Laboratory of Veterinary Pharmacology, College of Veterinary Medicine and Research Institute for Veterinary Science, Seoul National University, Seoul 08823, Korea.
Department of Medical Science, College of Medicine, Chungnam National University, Daejeon 35015, Korea.
J Neurosci. 2024 Oct 9;44(41):e1810232024. doi: 10.1523/JNEUROSCI.1810-23.2024.
Targeting altered expression and/or activity of GABA (γ-aminobutyric acid) transporters (GATs) provide therapeutic benefit for age-related impairments, including cognitive dysfunction. However, the mechanisms underlying the transcriptional regulation of GATs are unknown. In the present study, we demonstrated that the stimulator of interferon genes (STING) upregulates GAT1 and GAT3 expression in the brain, which resulted in cognitive dysfunction. Genetic and pharmacological intervention of STING suppressed the expression of both GAT1 and GAT3, increased the ambient GABA concentration, and therefore, enhanced tonic GABA inhibition of principal hippocampal neurons, resulting in spatial learning and working memory deficits in mice in a type I interferon-independent manner. Stimulation of the STING→GAT pathway efficiently restored cognitive dysfunction in STING-deficient mice models. Our study uncovered for the first time that the STING signaling pathway regulates GAT expression in a cell autonomous manner and therefore could be a novel target for GABAergic cognitive deficits.
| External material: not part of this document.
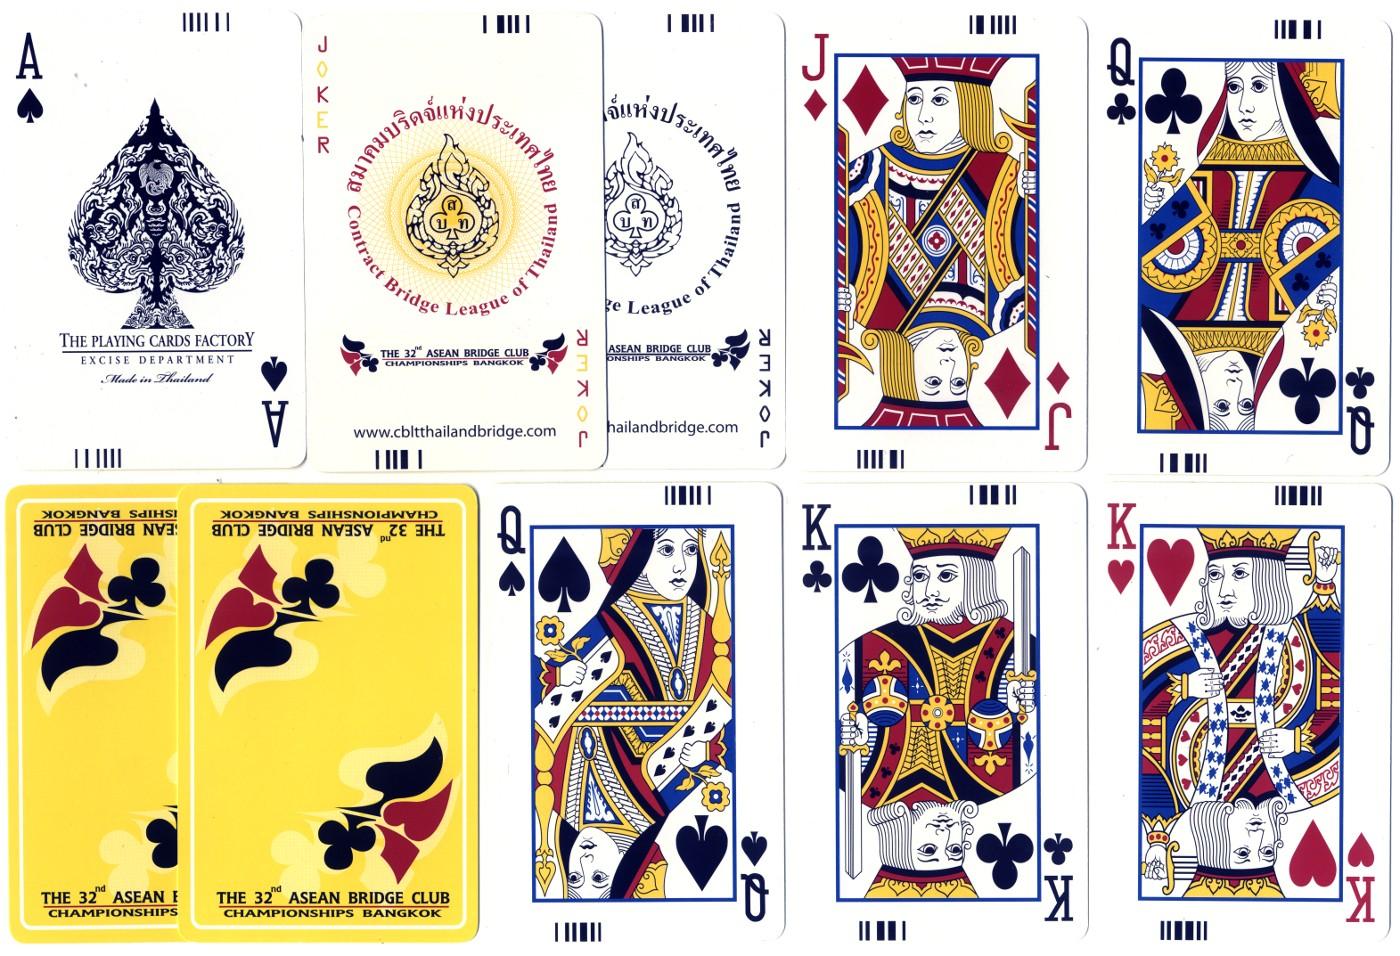 32nd Asean Bridge Club Championships (Bangkok) Playing Cards
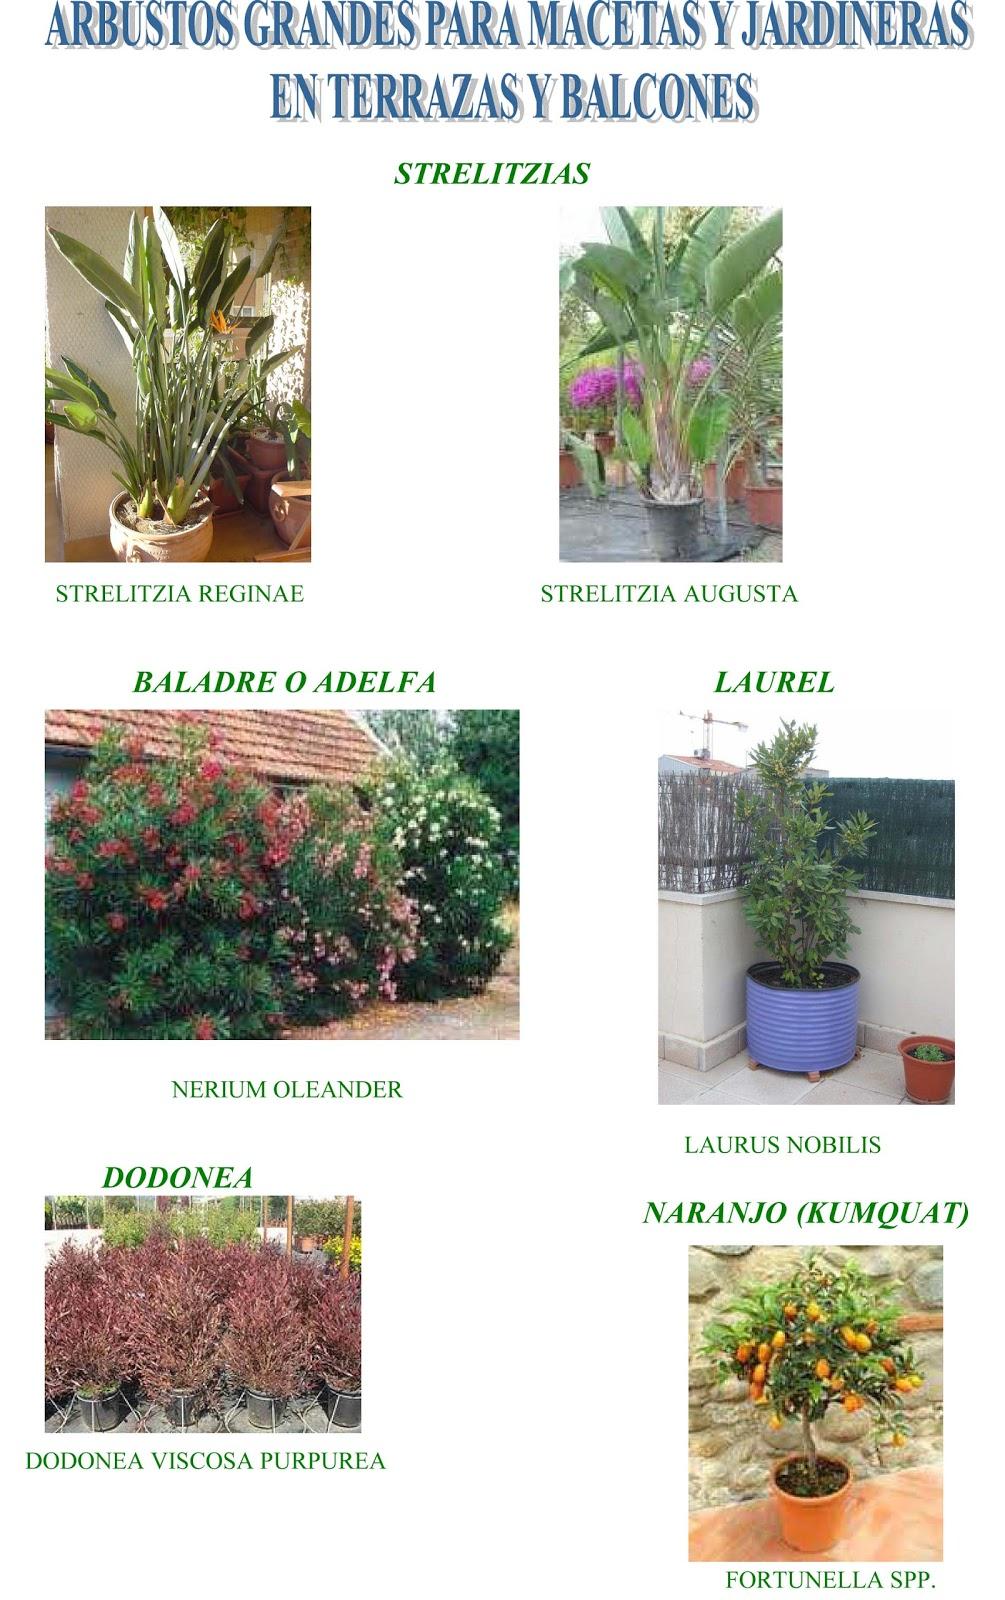 Jara jardiner a y paisajismo arbustos grandes para for Arbustos para macetas exterior

靶向改变 GABA(γ-氨基丁酸)转运体(GATs)的表达和/或活性可为与年龄相关的损伤提供治疗益处,包括认知功能障碍。然而,GATs 的转录调控机制尚不清楚。在本研究中,我们证明了干扰素基因刺激物(STING)可在上调大脑中 GAT1 和 GAT3 的表达,从而导致认知功能障碍。STING 的遗传和药理学干预抑制了 GAT1 和 GAT3 的表达,增加了周围 GABA 浓度,从而增强了海马主神经元的紧张性 GABA 抑制,导致小鼠的空间学习和工作记忆缺陷,而不依赖于 I 型干扰素。刺激 STING→GAT 途径可有效地恢复 STING 缺陷型小鼠模型的认知功能障碍。我们的研究首次揭示了 STING 信号通路以细胞自主的方式调节 GAT 的表达,因此可能成为 GABA 能认知缺陷的新靶点。